### What to work on
Exercise in exact copying. Transcribe every entry that follows, word for word.

### Collection entries

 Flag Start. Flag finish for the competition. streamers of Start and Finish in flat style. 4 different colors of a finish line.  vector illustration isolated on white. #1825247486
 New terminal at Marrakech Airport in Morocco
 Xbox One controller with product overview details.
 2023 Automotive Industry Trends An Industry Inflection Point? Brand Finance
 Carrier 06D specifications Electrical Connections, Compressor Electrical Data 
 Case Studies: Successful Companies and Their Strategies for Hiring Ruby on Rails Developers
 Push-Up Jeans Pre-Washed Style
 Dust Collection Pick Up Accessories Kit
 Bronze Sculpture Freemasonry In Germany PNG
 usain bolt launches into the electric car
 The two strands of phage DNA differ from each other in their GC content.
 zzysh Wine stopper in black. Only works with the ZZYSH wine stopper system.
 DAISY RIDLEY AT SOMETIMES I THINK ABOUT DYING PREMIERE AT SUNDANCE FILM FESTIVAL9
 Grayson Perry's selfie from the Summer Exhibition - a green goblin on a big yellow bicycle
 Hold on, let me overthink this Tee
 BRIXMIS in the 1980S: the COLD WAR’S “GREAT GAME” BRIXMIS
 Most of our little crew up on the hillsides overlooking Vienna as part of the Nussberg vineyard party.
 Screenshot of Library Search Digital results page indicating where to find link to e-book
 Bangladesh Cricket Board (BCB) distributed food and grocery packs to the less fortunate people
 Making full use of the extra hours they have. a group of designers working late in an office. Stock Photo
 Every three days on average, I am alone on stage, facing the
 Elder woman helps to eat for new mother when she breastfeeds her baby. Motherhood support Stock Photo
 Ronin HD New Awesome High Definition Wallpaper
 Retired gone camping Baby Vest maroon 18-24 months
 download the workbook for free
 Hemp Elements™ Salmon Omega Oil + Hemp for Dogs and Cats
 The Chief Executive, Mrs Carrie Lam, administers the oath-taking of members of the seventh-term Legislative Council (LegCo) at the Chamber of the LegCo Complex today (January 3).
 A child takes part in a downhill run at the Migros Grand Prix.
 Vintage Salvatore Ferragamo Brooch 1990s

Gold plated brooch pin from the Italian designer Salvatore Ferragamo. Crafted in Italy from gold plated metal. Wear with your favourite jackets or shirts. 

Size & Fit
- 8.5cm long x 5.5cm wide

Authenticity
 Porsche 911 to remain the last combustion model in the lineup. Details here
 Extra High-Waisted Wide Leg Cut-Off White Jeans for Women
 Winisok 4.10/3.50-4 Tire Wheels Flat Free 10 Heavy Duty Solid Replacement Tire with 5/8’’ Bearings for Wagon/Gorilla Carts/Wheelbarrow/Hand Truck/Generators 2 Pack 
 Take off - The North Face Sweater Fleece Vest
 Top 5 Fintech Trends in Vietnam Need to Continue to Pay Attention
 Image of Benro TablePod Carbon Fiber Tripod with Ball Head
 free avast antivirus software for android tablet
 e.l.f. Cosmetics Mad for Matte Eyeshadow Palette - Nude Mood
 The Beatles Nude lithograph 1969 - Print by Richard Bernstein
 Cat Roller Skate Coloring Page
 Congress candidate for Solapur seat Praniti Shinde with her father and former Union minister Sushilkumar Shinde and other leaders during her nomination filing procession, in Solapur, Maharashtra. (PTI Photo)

### Expected answer
 Flag Start. Flag finish for the competition. streamers of Start and Finish in flat style. 4 different colors of a finish line.  vector illustration isolated on white. #1825247486
 New terminal at Marrakech Airport in Morocco
 Xbox One controller with product overview details.
 2023 Automotive Industry Trends An Industry Inflection Point? Brand Finance
 Carrier 06D specifications Electrical Connections, Compressor Electrical Data 
 Case Studies: Successful Companies and Their Strategies for Hiring Ruby on Rails Developers
 Push-Up Jeans Pre-Washed Style
 Dust Collection Pick Up Accessories Kit
 Bronze Sculpture Freemasonry In Germany PNG
 usain bolt launches into the electric car
 The two strands of phage DNA differ from each other in their GC content.
 zzysh Wine stopper in black. Only works with the ZZYSH wine stopper system.
 DAISY RIDLEY AT SOMETIMES I THINK ABOUT DYING PREMIERE AT SUNDANCE FILM FESTIVAL9
 Grayson Perry's selfie from the Summer Exhibition - a green goblin on a big yellow bicycle
 Hold on, let me overthink this Tee
 BRIXMIS in the 1980S: the COLD WAR’S “GREAT GAME” BRIXMIS
 Most of our little crew up on the hillsides overlooking Vienna as part of the Nussberg vineyard party.
 Screenshot of Library Search Digital results page indicating where to find link to e-book
 Bangladesh Cricket Board (BCB) distributed food and grocery packs to the less fortunate people
 Making full use of the extra hours they have. a group of designers working late in an office. Stock Photo
 Every three days on average, I am alone on stage, facing the
 Elder woman helps to eat for new mother when she breastfeeds her baby. Motherhood support Stock Photo
 Ronin HD New Awesome High Definition Wallpaper
 Retired gone camping Baby Vest maroon 18-24 months
 download the workbook for free
 Hemp Elements™ Salmon Omega Oil + Hemp for Dogs and Cats
 The Chief Executive, Mrs Carrie Lam, administers the oath-taking of members of the seventh-term Legislative Council (LegCo) at the Chamber of the LegCo Complex today (January 3).
 A child takes part in a downhill run at the Migros Grand Prix.
 Vintage Salvatore Ferragamo Brooch 1990s

Gold plated brooch pin from the Italian designer Salvatore Ferragamo. Crafted in Italy from gold plated metal. Wear with your favourite jackets or shirts. 

Size & Fit
- 8.5cm long x 5.5cm wide

Authenticity
 Porsche 911 to remain the last combustion model in the lineup. Details here
 Extra High-Waisted Wide Leg Cut-Off White Jeans for Women
 Winisok 4.10/3.50-4 Tire Wheels Flat Free 10 Heavy Duty Solid Replacement Tire with 5/8’’ Bearings for Wagon/Gorilla Carts/Wheelbarrow/Hand Truck/Generators 2 Pack 
 Take off - The North Face Sweater Fleece Vest
 Top 5 Fintech Trends in Vietnam Need to Continue to Pay Attention
 Image of Benro TablePod Carbon Fiber Tripod with Ball Head
 free avast antivirus software for android tablet
 e.l.f. Cosmetics Mad for Matte Eyeshadow Palette - Nude Mood
 The Beatles Nude lithograph 1969 - Print by Richard Bernstein
 Cat Roller Skate Coloring Page
 Congress candidate for Solapur seat Praniti Shinde with her father and former Union minister Sushilkumar Shinde and other leaders during her nomination filing procession, in Solapur, Maharashtra. (PTI Photo)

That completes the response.